There are two hypotheses that explain the phenomenon of buckwheat α-AI hydrolysate having α-amylase inhibitory activity: (1) a certain peptide sequence shows α-amylase inhibitory activity, or (2) sugar chain covalently bound to some peptide shows α-amylase inhibitory activity. To explore these two possibilities, we investigated the enzyme-inhibition mechanism of wheat and buckwheat α-AIs. In
Figure 8, the Lineweaver-Burk plots of wheat α-AI intersected at the same point on the abscissa, indicating that wheat α-AI inhibited the activity of α-amylase from porcine pancreas in a non-competitive manner, as previously reported [
32]. On the other hand, the plots of buckwheat α-AI intersected at the same point on the ordinate, indicating that buckwheat α-AI inhibited α-amylase activity in a competitive manner. Because sugars commonly fit the active site of α-amylase and peptides are unlikely to be recognised as a substrate, glycopeptides produced from buckwheat α-AI would be the competitive inhibitors. Some researchers reported glycoproteins that were obtained from plants inhibit α-amylase in a competitive manner [
33,
34,
35]. In addition, glycoproteins larger than 29 kDa were detected in undigested buckwheat α-AI (
Figure 6B). Considering that free sugars should have been removed during the preparation of buckwheat α-AI and most buckwheat albumin was hydrolysed to be peptides smaller than 6.5 kDa, glycopeptides that were produced by digestive enzymes from glycoproteins present in buckwheat α-AI might have exhibited α-amylase inhibitory activity. Therefore, as the mechanisms of α-amylase inhibitory activity of buckwheat and wheat α-AIs differed with each other, these would be proteins of different structure and molecular weight.
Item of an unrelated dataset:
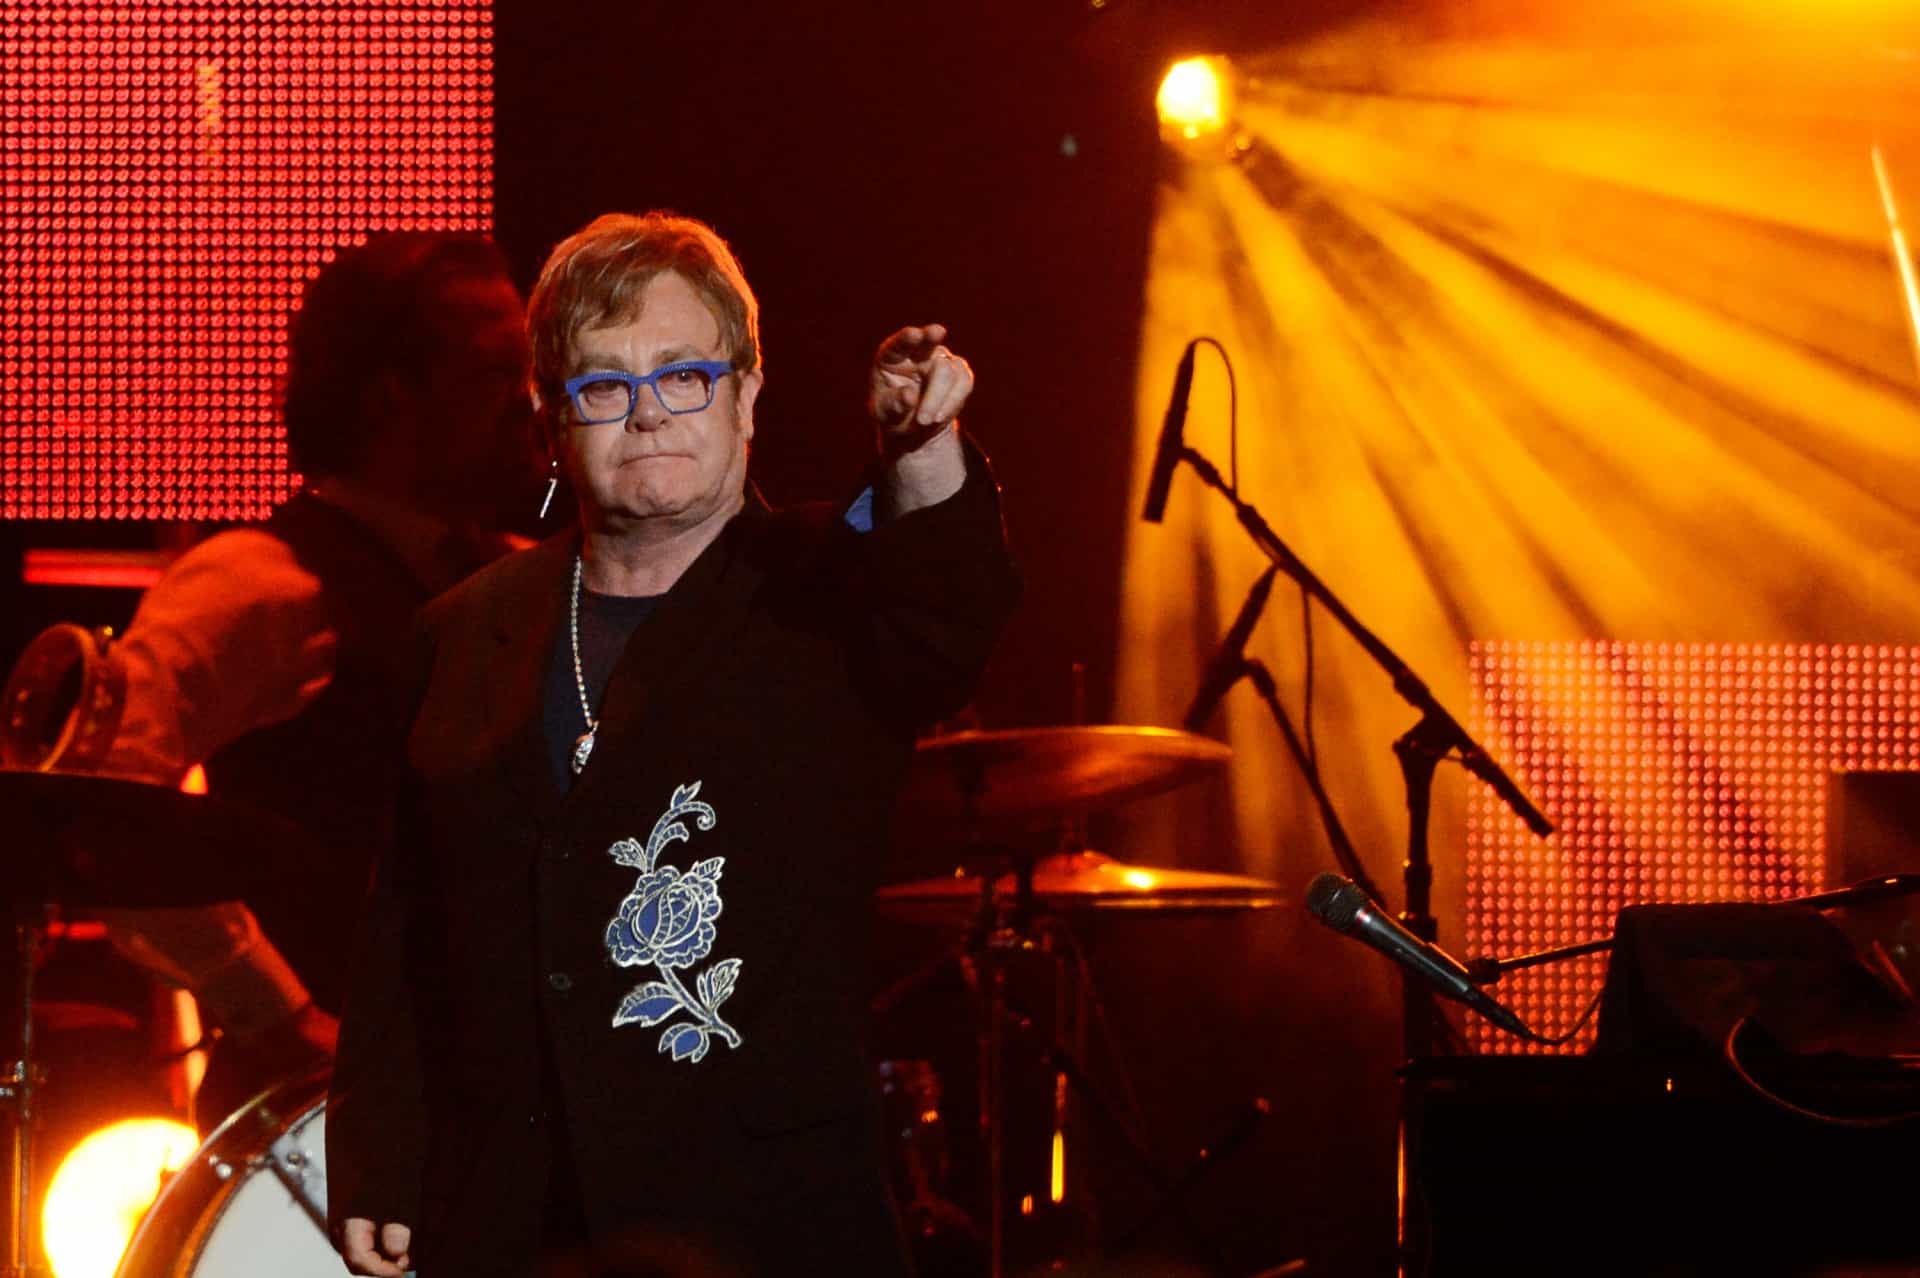 Elton John schrieb unter anderem auch den Soundtrack zu "Der König der Löwen" und komponierte Broadway-Musicals wie "Billy Elliot the Musical".

Both wheat and buckwheat α-AIs maintained high α-amylase inhibitory activity after heating, as shown in
Figure 9. Oneda et al. reported that wheat α-AI showed high thermal stability [
19], consistent with our results showing that it retained more than 98% of α-amylase inhibitory activity even after heating at 100 °C for 120 min, probably due to intramolecular disulphide bonds. The α-amylase inhibitory activity of buckwheat α-AI gradually decreased but it was still 75% after heating at 100 °C for 120 min. This result is consistent with our assumption that sugar chain in buckwheat α-AI shows α-amylase inhibitory activity and thus retained the activity, even after denaturation by heating. The thermal stability of buckwheat α-AI is high enough to be used in food products that undergo sterilisation.